NASA’s EPIC camera captures flashes of lights millions of miles above from space.
In 1990, when the Galileo satellite whipped around the Earth on its way to Jupiter, it caught sight of mysterious flashes of light coming from the surface of the Earth.
25 years later, the Deep Space Climate Observatory (DSCOVR), which is stuck out in space between the Earth and sun almost four times as far away from the planet as the moon, was also capturing these mysterious flashes of light. In fact, DSCOVR captured more than 800 of these flashes between 2015 and 2016, and scientists have figured out what they are.
The puzzle was solved by Alexander Marshak, DSCOVR deputy project scientist at NASA’s Goddard Space Flight Center.
He had noticed the flashes sometimes showing up over oceans while he looked through images from the observatory’s on-board camera, Earth Polychromatic Imaging Camera (EPIC).

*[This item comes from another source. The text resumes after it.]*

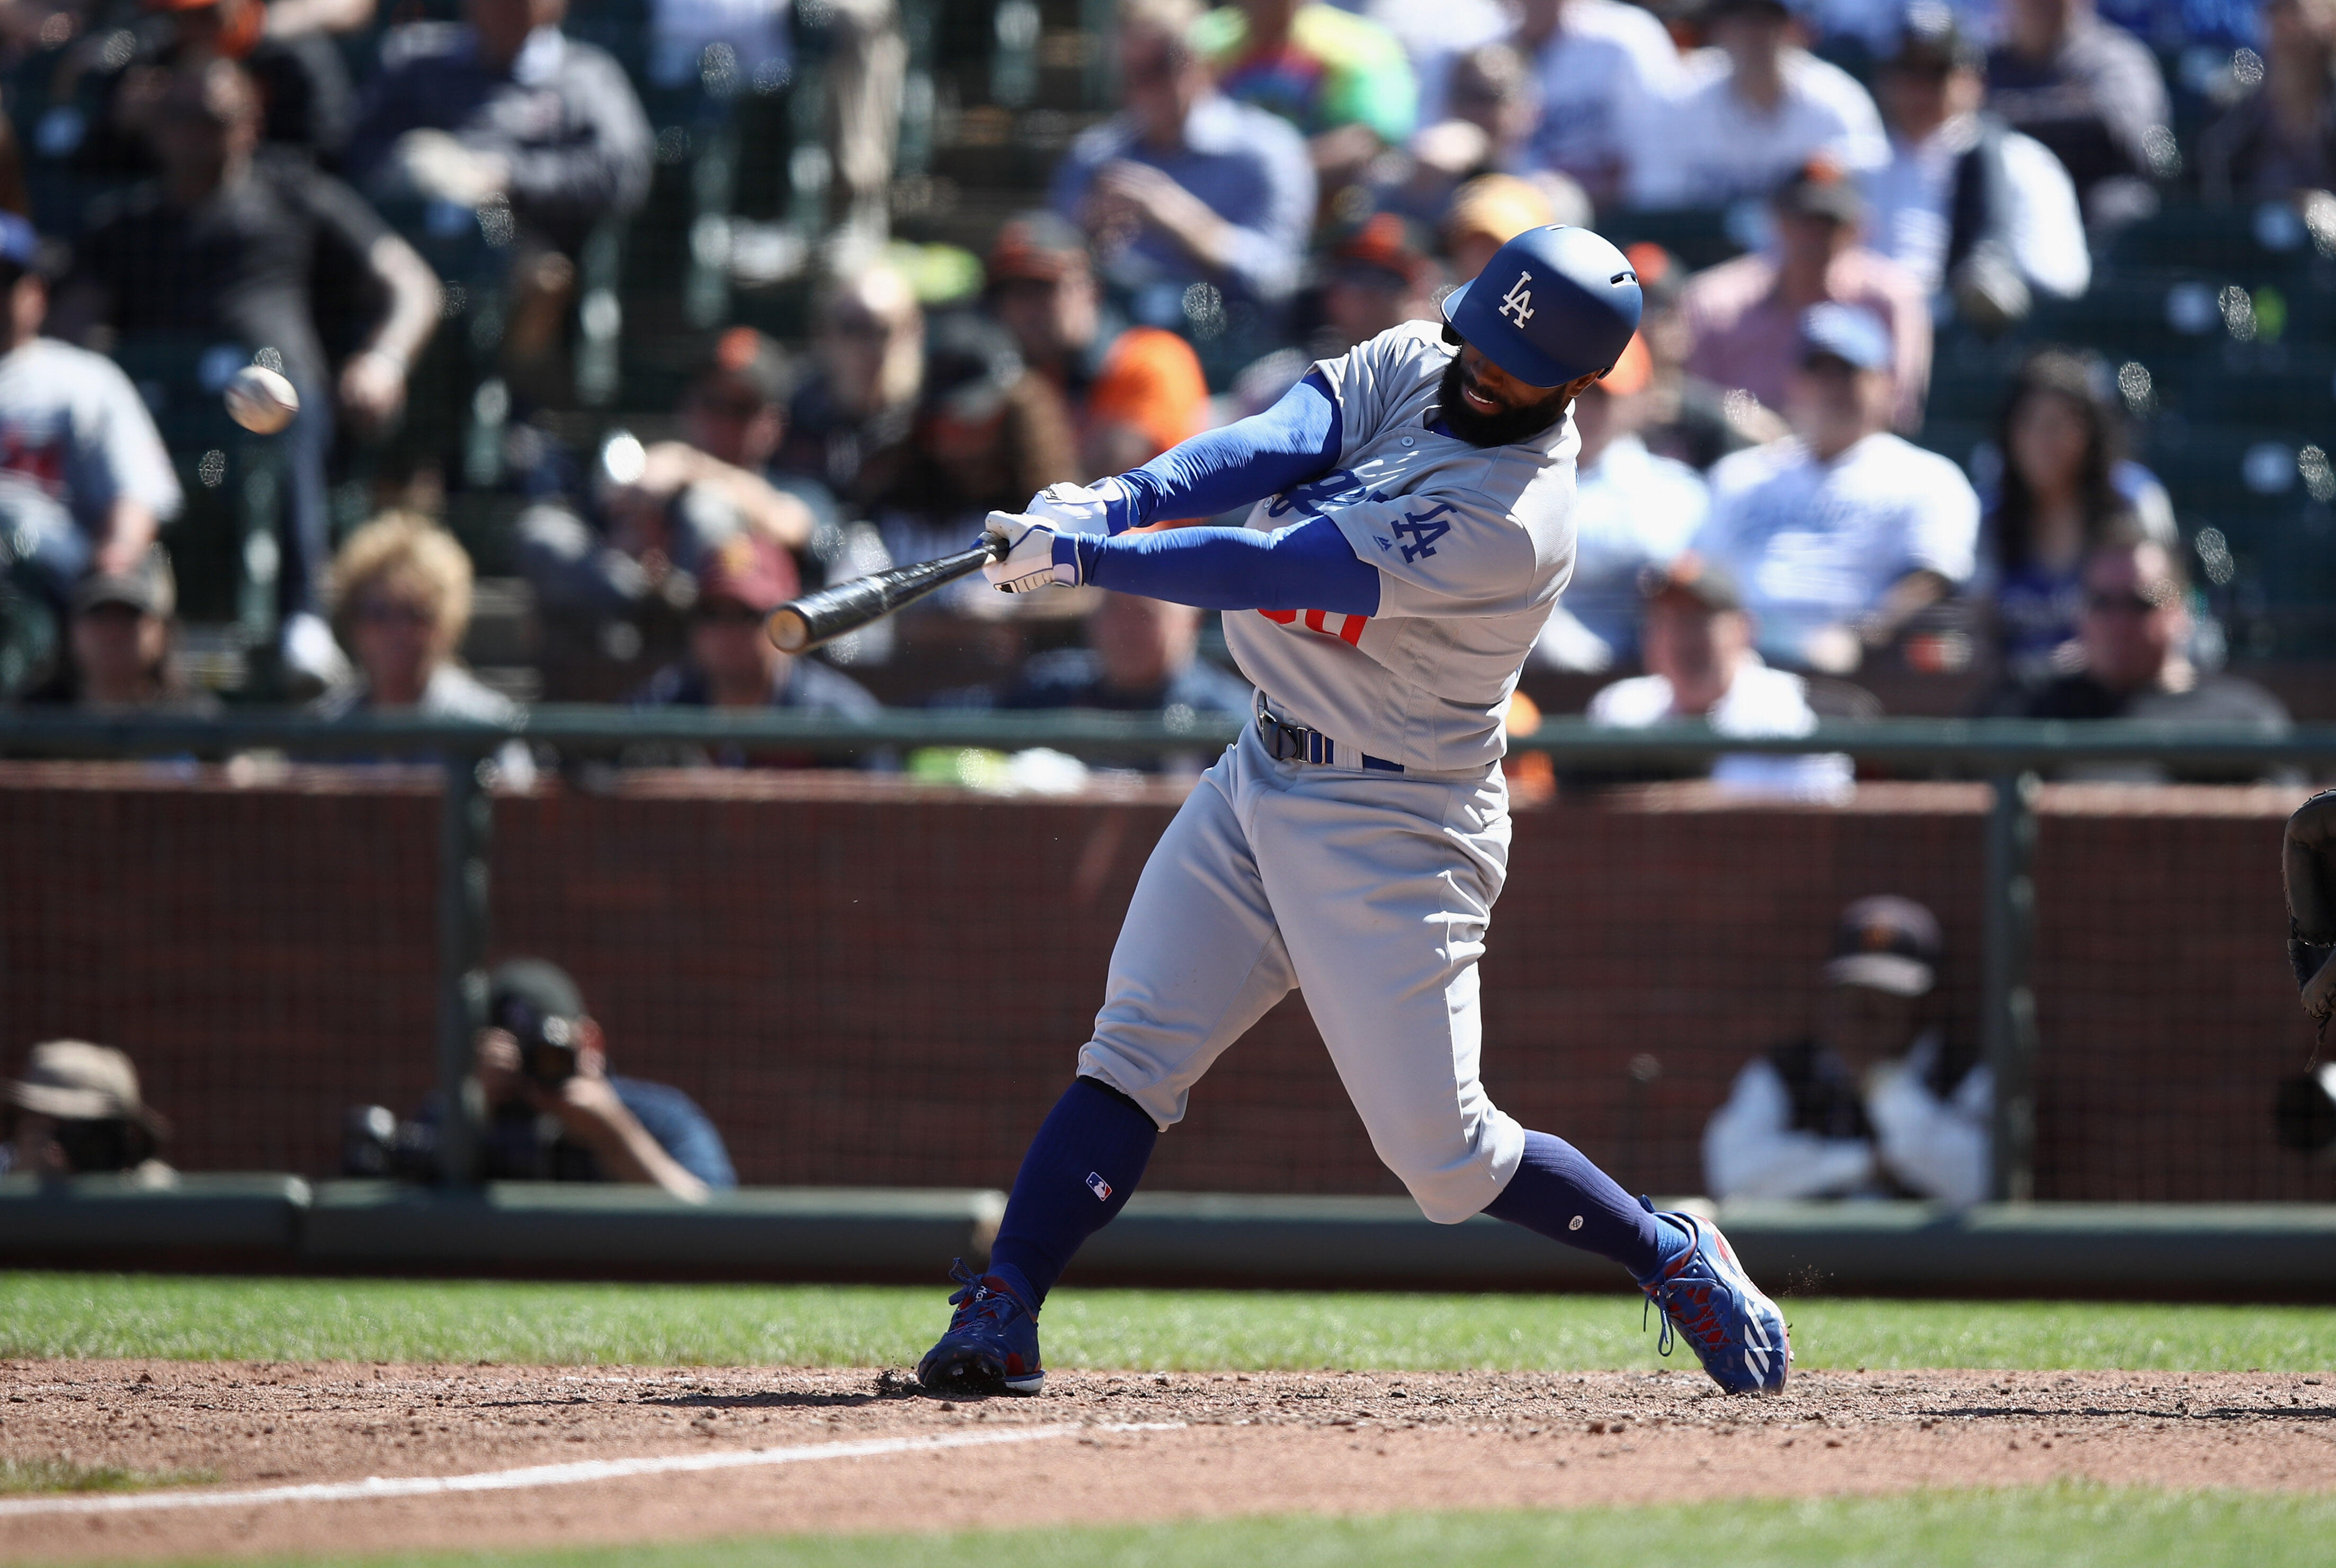 SAN FRANCISCO, CA - APRIL 27:  Andrew Toles #60 of the Los Angeles Dodgers hits a single that scored Ross Stripling #68 in the 10th inning against the San Francisco Giants at AT&T Park on April 27, 2017 in San Francisco, California.  (Photo by Ezra Shaw/G

He wasn’t the first to notice, though. Originally, astronomer Carl Sagan, noticed the glint over the planet’s oceans from studying images from that Galileo flight, and surmised they were the sunlight reflecting off the ocean.
And when the public started noticing and inquiring about what the flashes of light may be, they emailed Marshak, who was listed as the person of contact for questions regarding the EPIC camera images.
So Marshak went back and looked at the Galileo images as well as the images from EPIC.
“We found quite a few very bright flashes over land as well,” he said. “When I first saw it I thought maybe there was some water there, or a lake the sun reflects off of. But the glint is pretty big, so it wasn’t that.”
Since it seemed like bodies of water were not the source of the flash, Marshak joined forces with Tamas Varnai of the University of Maryland, Baltimore County, and Alexander Kostinski of Michigan Technological University, using date from EPIC to figure it out.
So what is it? Nearly horizontal ice particles in cirrus clouds that are 3- to 5-miles high up in the atmosphere. That’s the conclusion from works published in Geophysical Research Letters.
So mystery solved, and now what to do with this information.
First, scientists can try and figure out how often these ice crystals form, and to see if they can be used in calculations of how much of the sun’s energy are reflected back into space.
Down the road, a similar observational approach could potentially help scientists determine if distant exoplanets have the same sort of reflection, meaning the planets could have an atmosphere, and worth further inspection as a potential home for future generations of humankind.
The satellite DSCOVR launched from Cape Canaveral aboard a SpaceX Falcon 9 rocket on Feb. 11, 2015. It’s an NOAA satellite that was originally designed for NASA for a mission called Triana, but scrapped for years, until it was determined to be the right fit for both the NOAA and Air Force needs. It is in an orbit about 1 million miles from Earth (the moon is on average only 238,900 miles away).